Both satisfy the required equation (a/b)*b + a%b == a.
The second has the advantage that the modulus is always positive
-- but they decided on the other (more Fortran-like, less Pascal-like) variant...)

[ /cite ]

so it's all clear now.
Comment 11 Andrew Pinski 2006-09-18 01:24:44 UTC
So the only bug here is that -Os produces an extra move.  That comes from the register allocator/reload:

Reloads for insn # 13
Reload 0: reload_in (SI) = (reg:SI 1 dx [65])
        GENERAL_REGS, RELOAD_FOR_INPUT (opnum = 3)
        reload_in_reg: (reg:SI 1 dx [65])
        reload_reg_rtx: (reg:SI 2 cx)
Comment 12 Andrew Pinski 2008-09-14 04:28:42 UTC
    a1 (r65,l0) best GENERAL_REGS, cover GENERAL_REGS

If IRA chose CREG instead of GENERAL_REGS, it would have been right.
Comment 13 Andrew Pinski 2008-09-14 04:30:46 UTC
*** Bug 27856 has been marked as a duplicate of this bug. ***
Comment 14 Vladimir Makarov 2009-10-06 21:59:21 UTC
IRA does not create a conflict for p66 and p67 (in function triangle).  One pseudo is earlyclobber.  They should have a conflict.  Therefore p67 gets wrong hard register and reload fixes this by generation of additional move.

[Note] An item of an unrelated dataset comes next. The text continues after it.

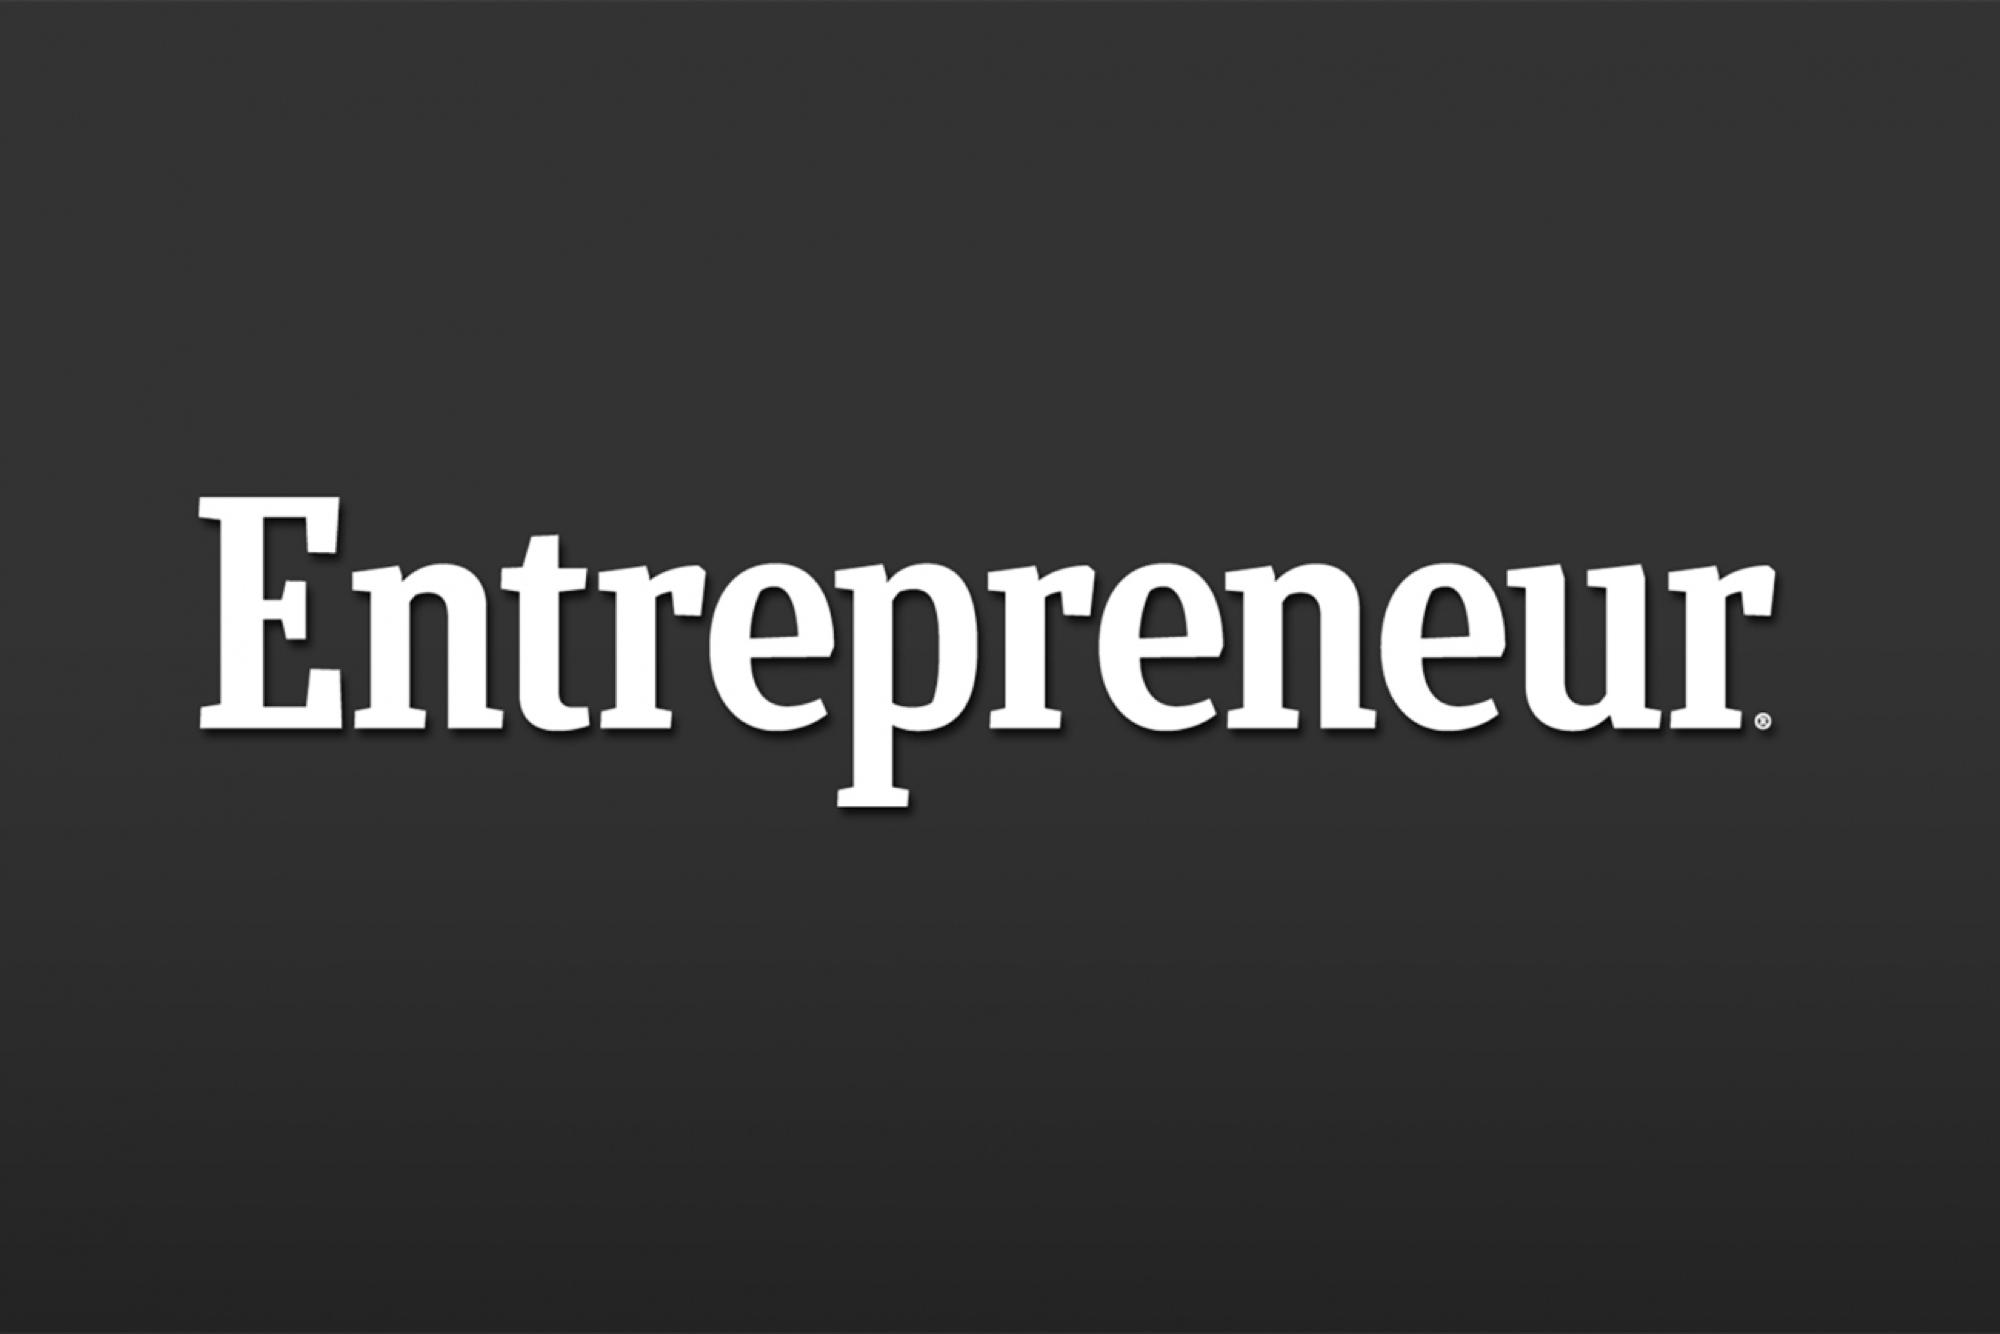 The 360 Best Entrepreneurial Companies in America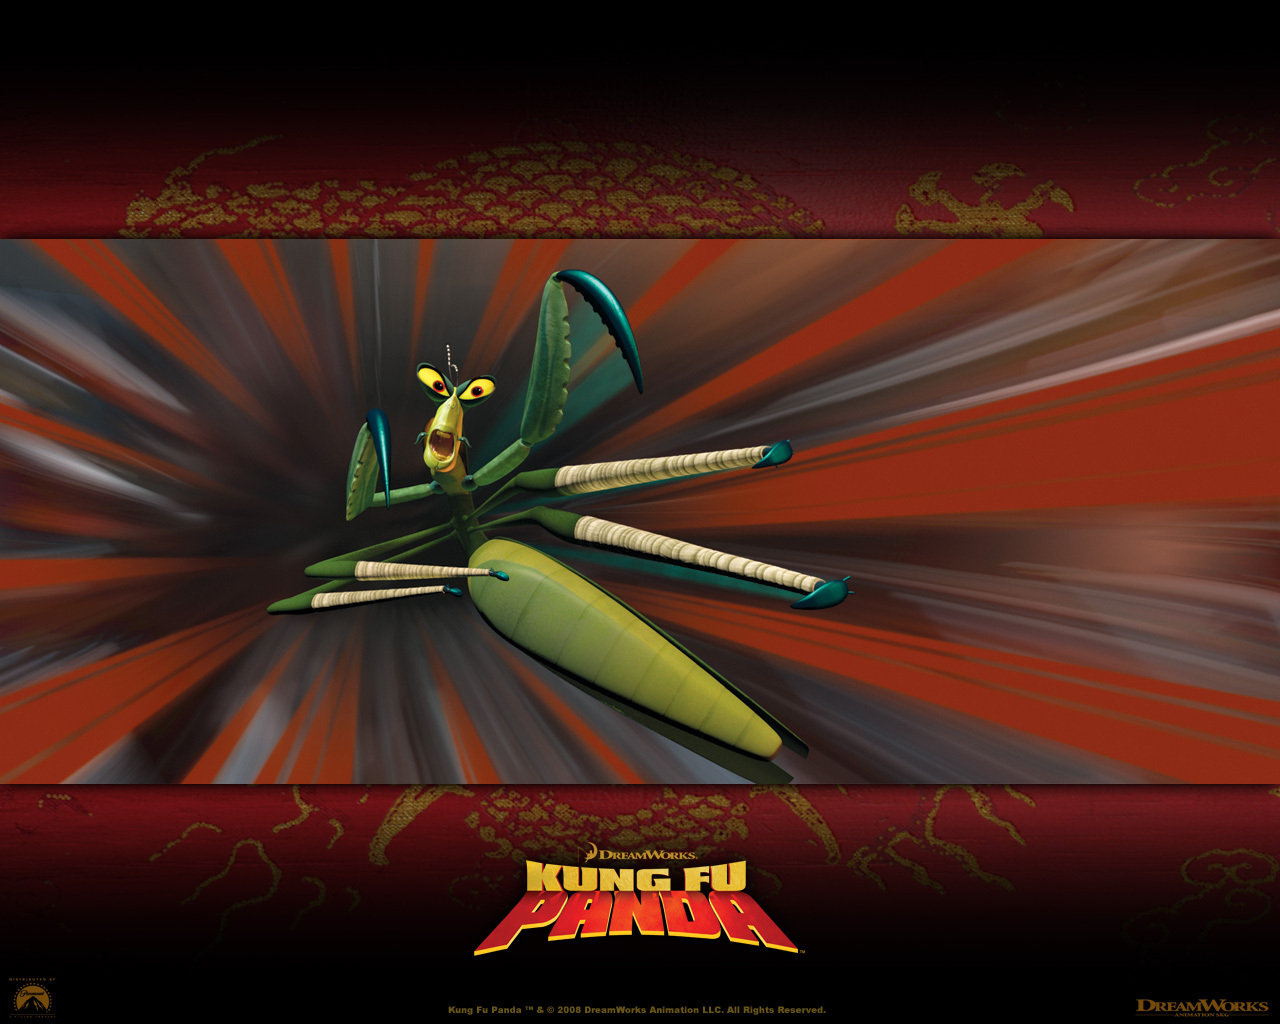 Mantis - Kung Fu Panda Wallpaper (1543073) - Fanpop: www.fanpop.com/clubs/kung-fu-panda/images/1543073/title/mantis...

Actually I found a reason for this.  It is a typo in ira-lives.c::check_and_make_def_conflict (continue stmts should be instead of returns in the loop).   I'll submit the patch for a review soon.
Comment 15 Vladimir Makarov 2009-10-07 17:18:55 UTC
Subject: Bug 22072

Author: vmakarov
Date: Wed Oct  7 17:18:38 2009
New Revision: 152533

URL: http://gcc.gnu.org/viewcvs?root=gcc&view=rev&rev=152533
Log:
2009-10-07  Vladimir Makarov  <vmakarov@redhat.com>

	PR middle-end/22072
	* ira-lives.c (check_and_make_def_conflict): Process all operands.


Modified:
    trunk/gcc/ChangeLog
    trunk/gcc/ira-lives.c

Comment 16 Uroš Bizjak 2009-10-08 08:17:28 UTC
Vlad, is it OK if I backport this patch to 4.4? I have tested it on 4.4 without problems.
Comment 17 uros 2009-10-15 18:03:36 UTC
Subject: Bug 22072

Author: uros
Date: Thu Oct 15 18:03:20 2009
New Revision: 152856

URL: http://gcc.gnu.org/viewcvs?root=gcc&view=rev&rev=152856
Log:
        Backport from mainline:
        2009-10-07  Vladimir Makarov  <vmakarov@redhat.com>

        PR middle-end/22072
        * ira-lives.c (check_and_make_def_conflict): Process all operands.


Modified:
    branches/gcc-4_4-branch/gcc/ChangeLog
    branches/gcc-4_4-branch/gcc/ira-lives.c

Comment 18 Uroš Bizjak 2009-10-15 18:04:50 UTC
Backport approved offline by Vlad. Fixed.